*WHAT TO WORK ON*
Leaving out the pictures, return word for word the stretch of entries below from the line holding "Blurred 6efdaf0c d4f9 4872 979b 7441916ccbda" through the line holding "Why you should".

*DATA SHOWN*
************

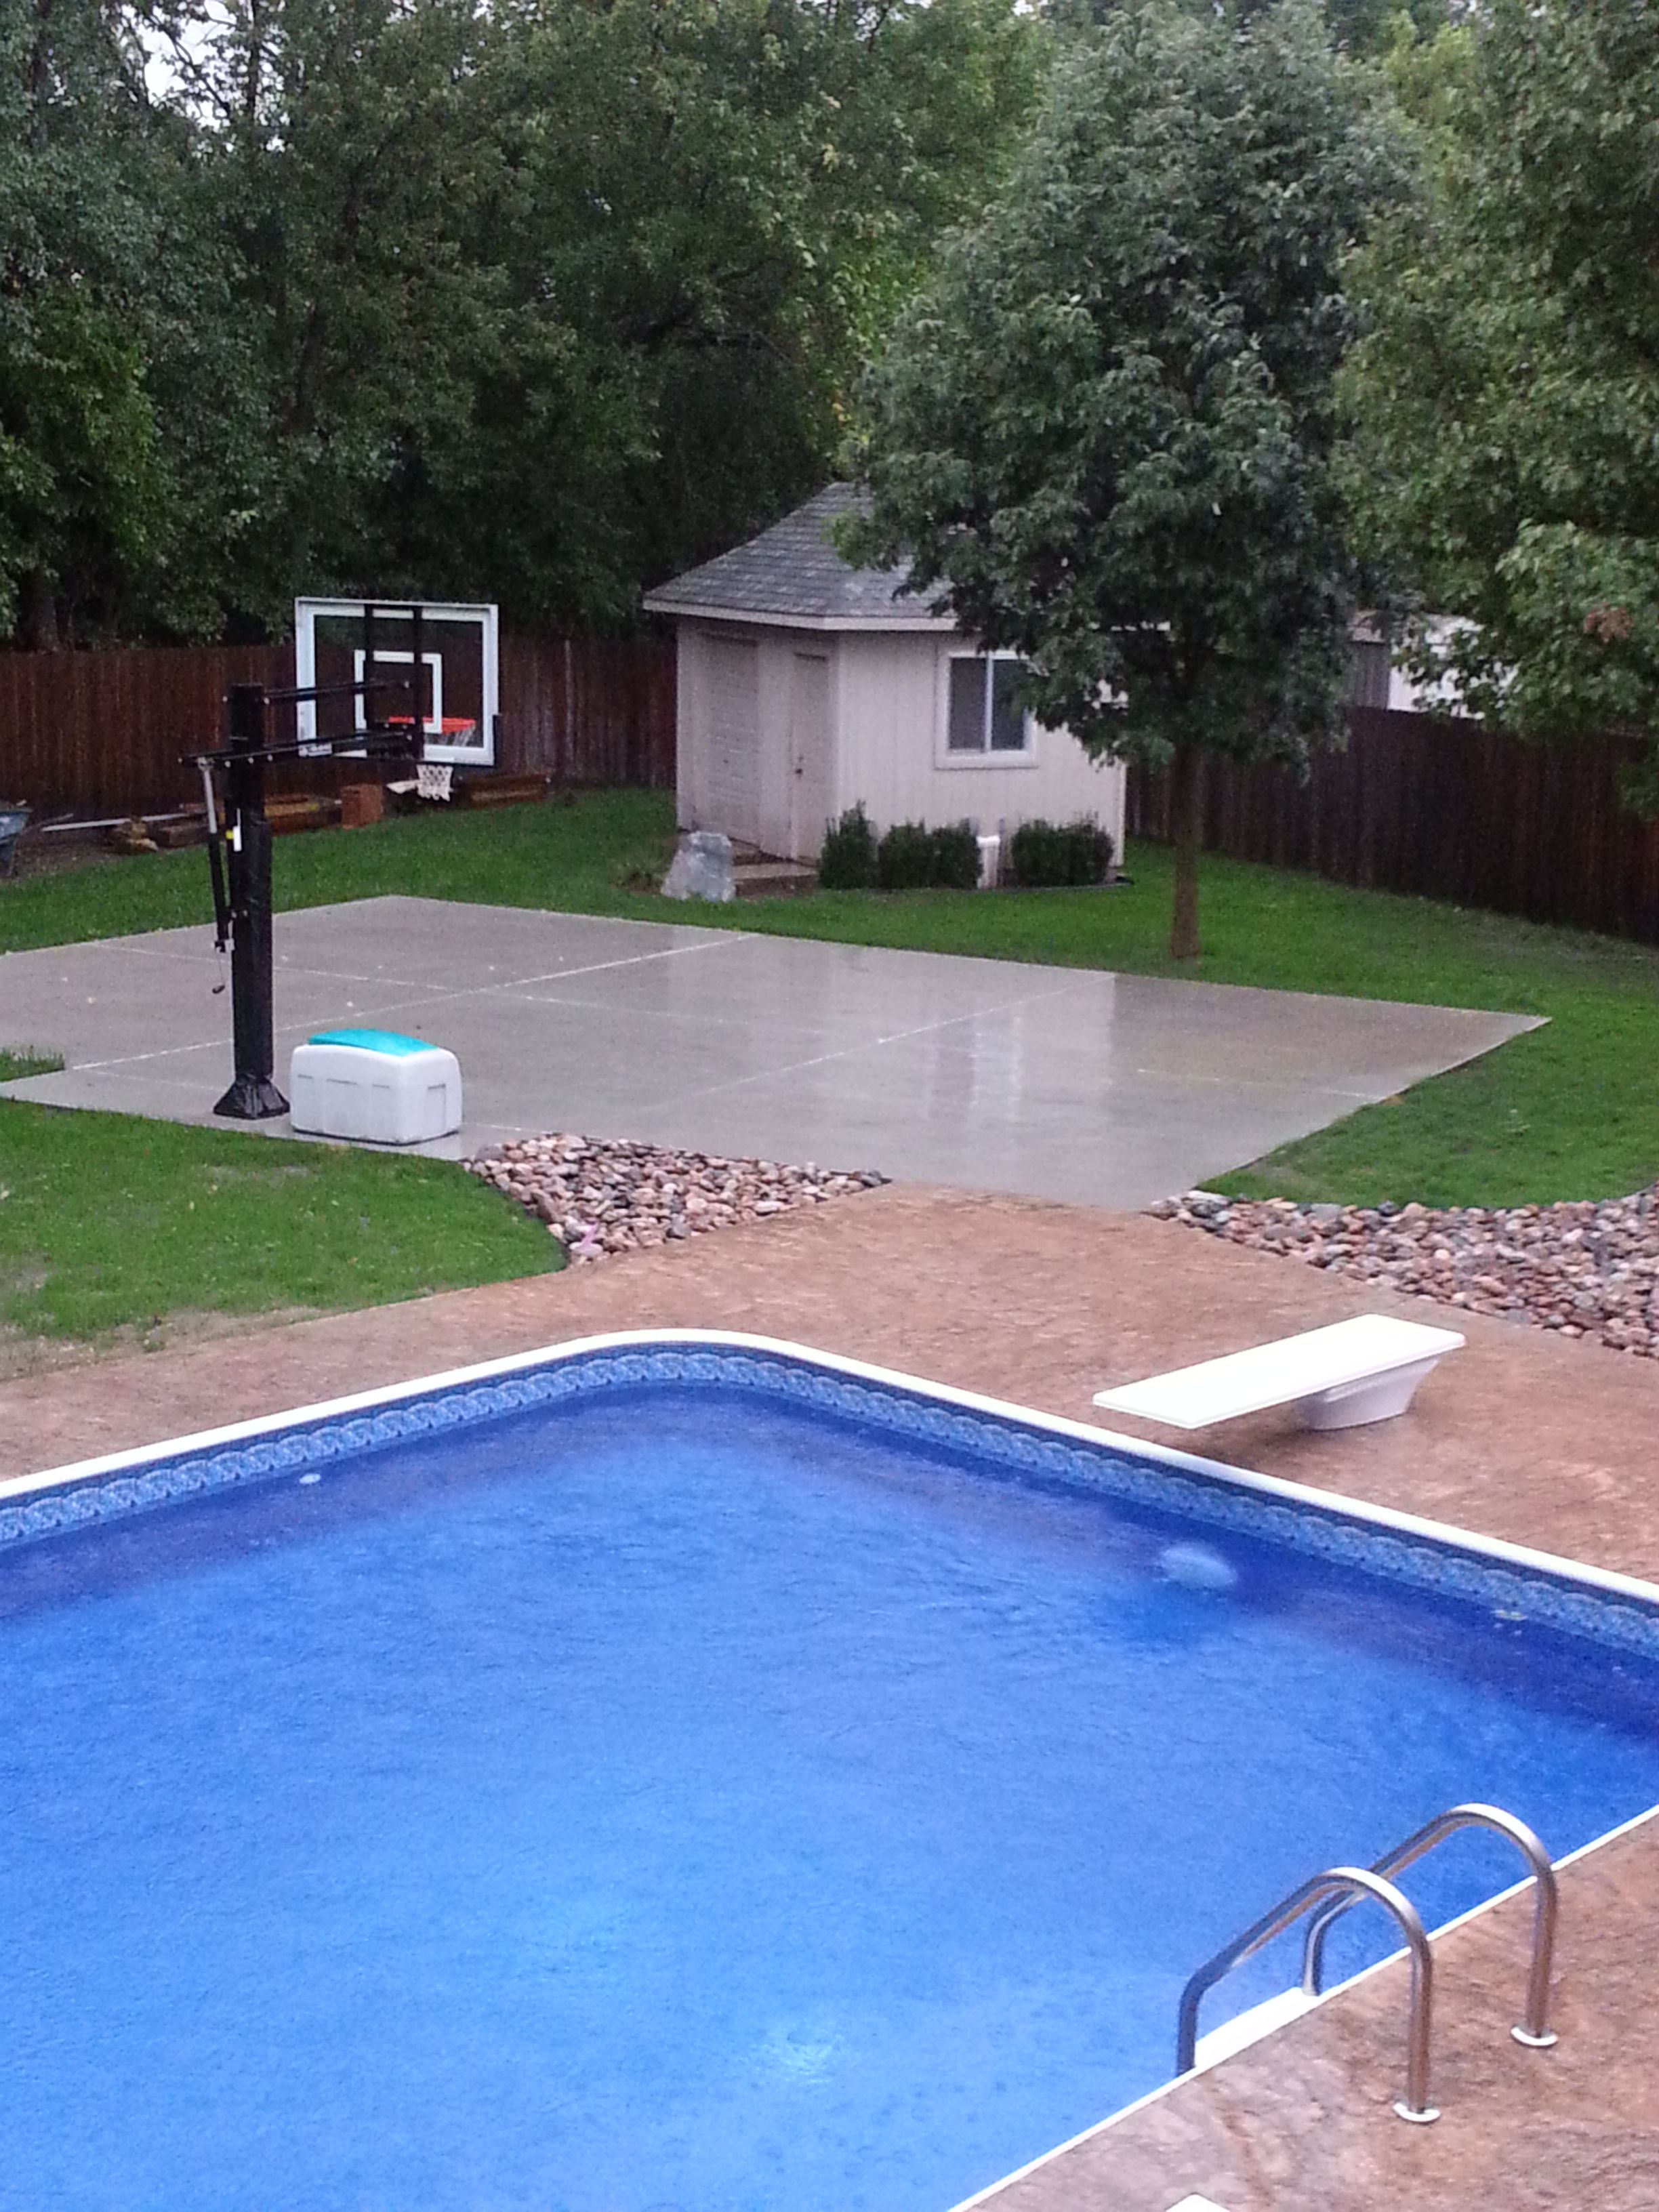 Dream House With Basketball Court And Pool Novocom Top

************

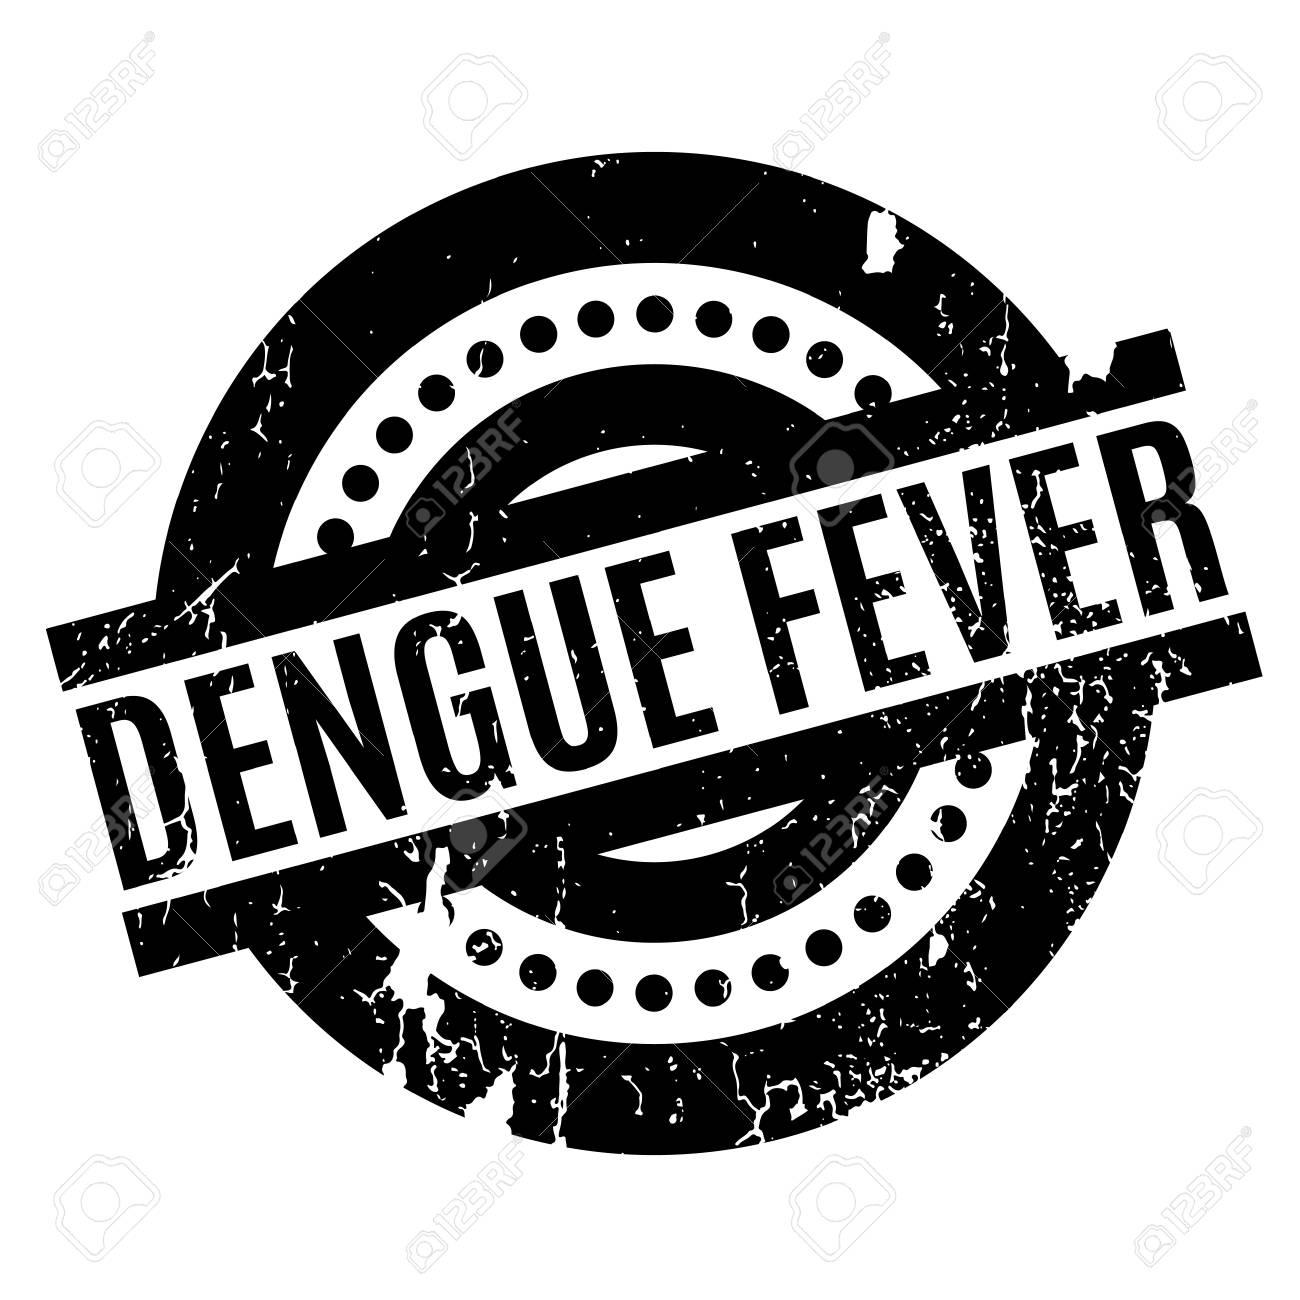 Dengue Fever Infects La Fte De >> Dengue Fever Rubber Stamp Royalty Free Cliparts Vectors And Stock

************

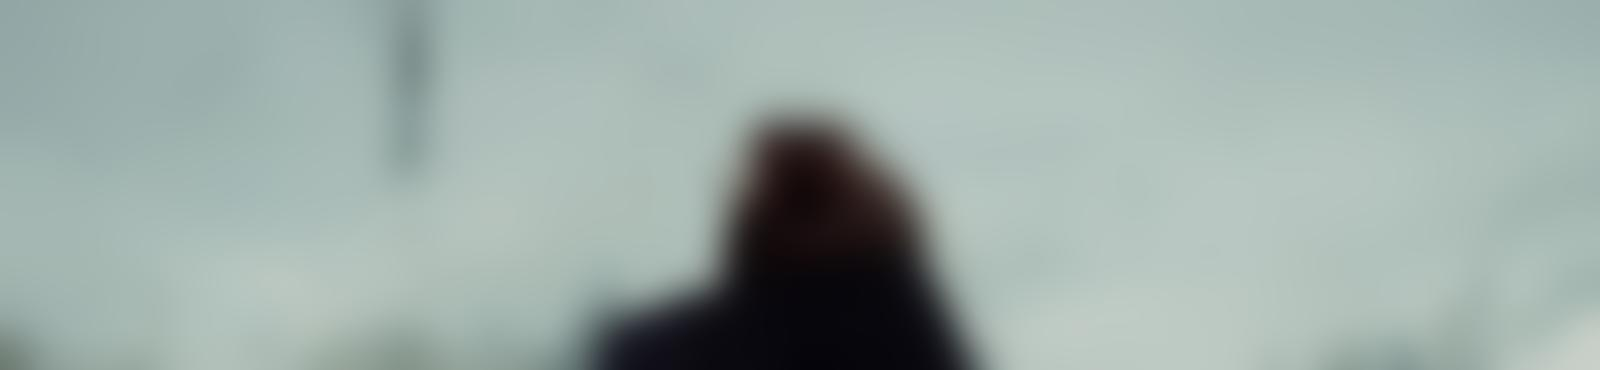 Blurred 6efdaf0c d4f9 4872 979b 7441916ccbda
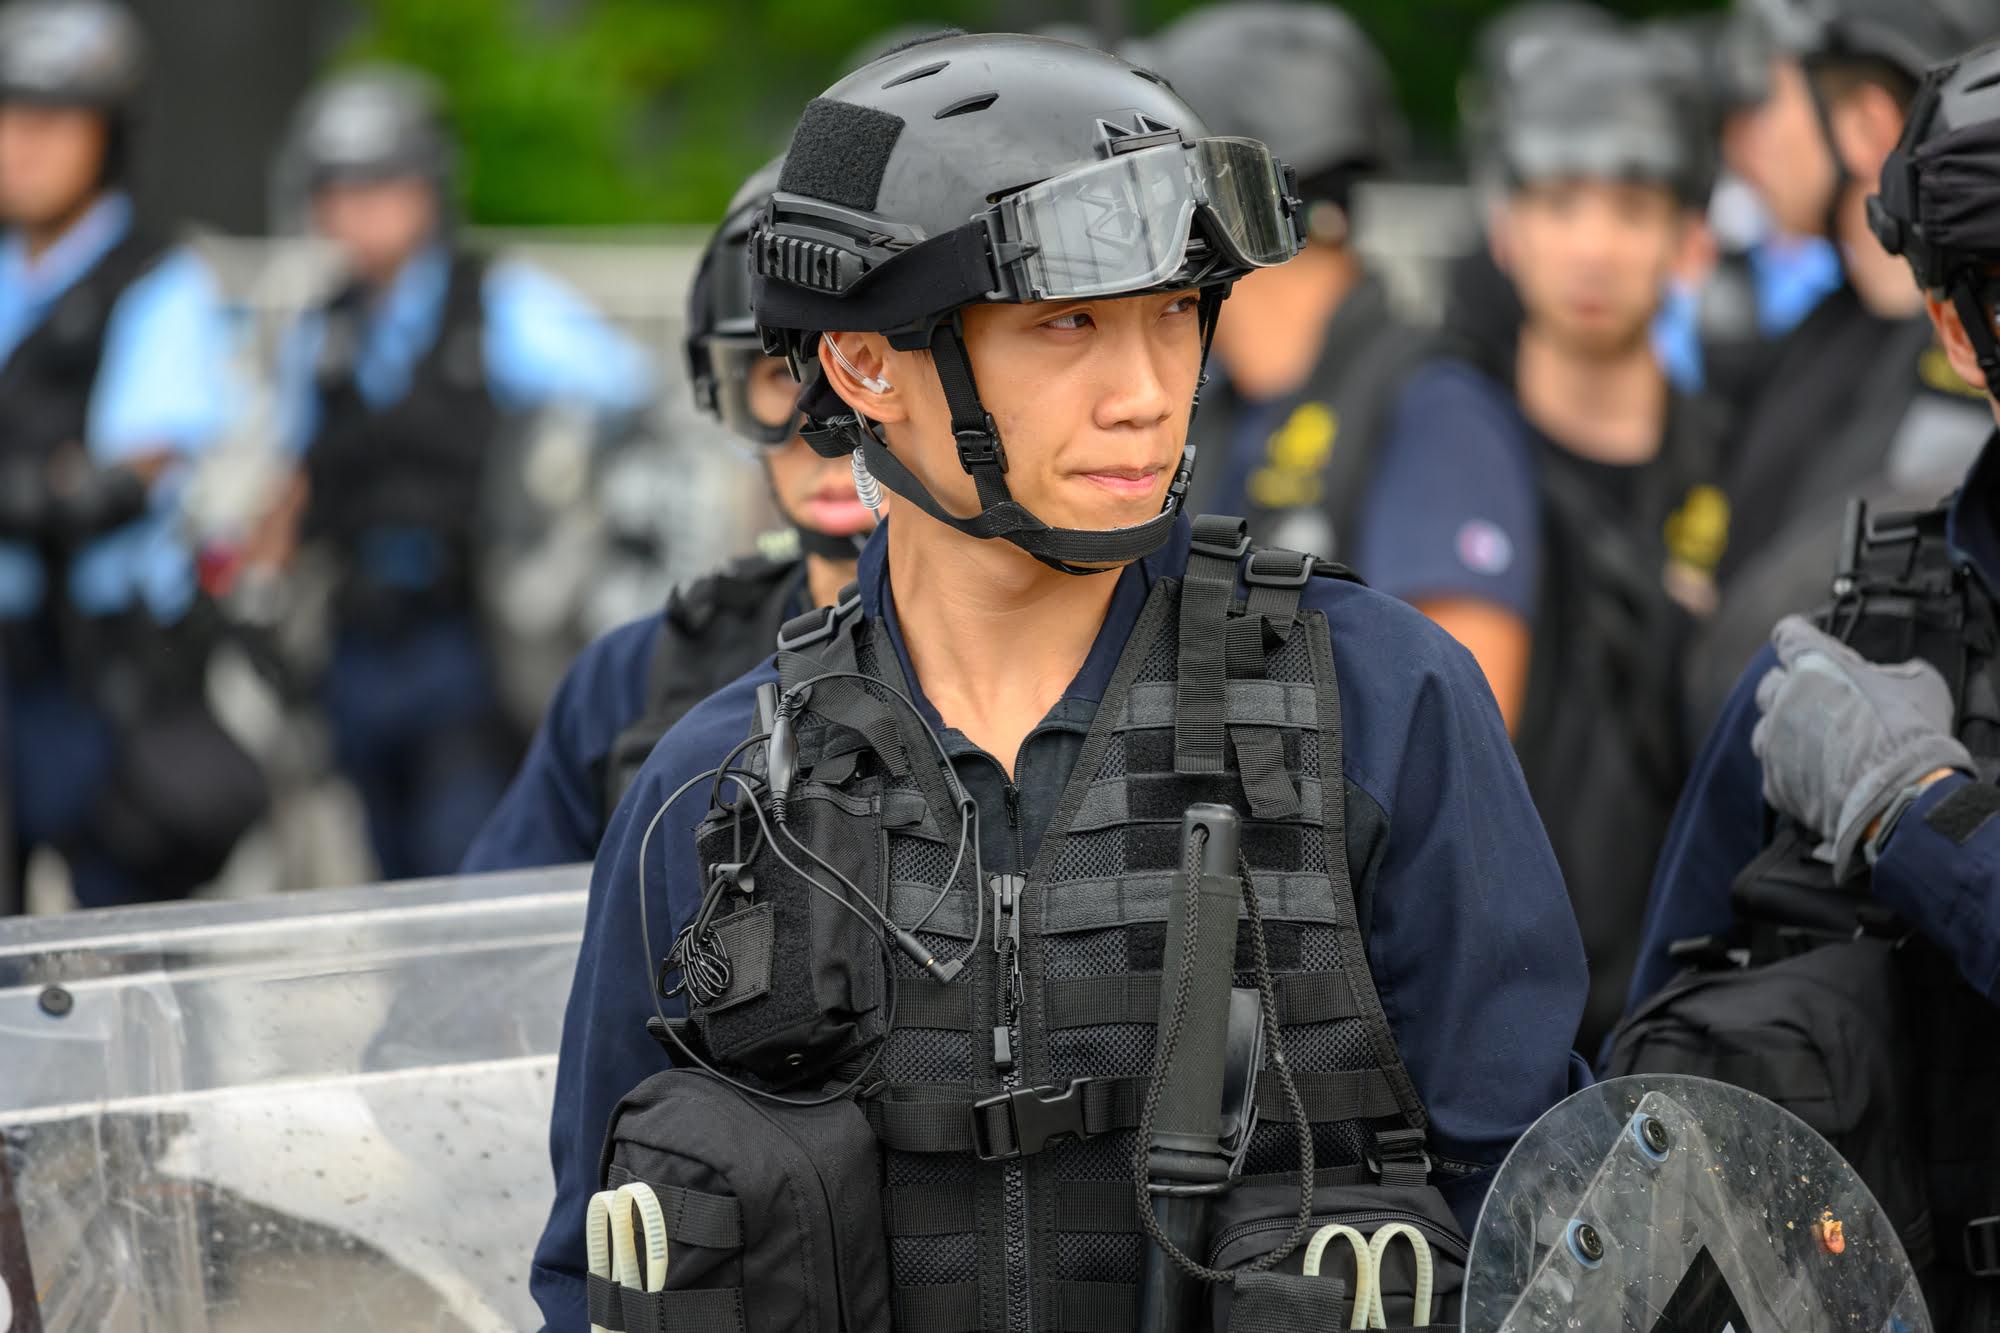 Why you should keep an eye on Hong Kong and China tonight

************

*COMPLETED EXERCISE*
 Blurred 6efdaf0c d4f9 4872 979b 7441916ccbda
 Why you should keep an eye on Hong Kong and China tonight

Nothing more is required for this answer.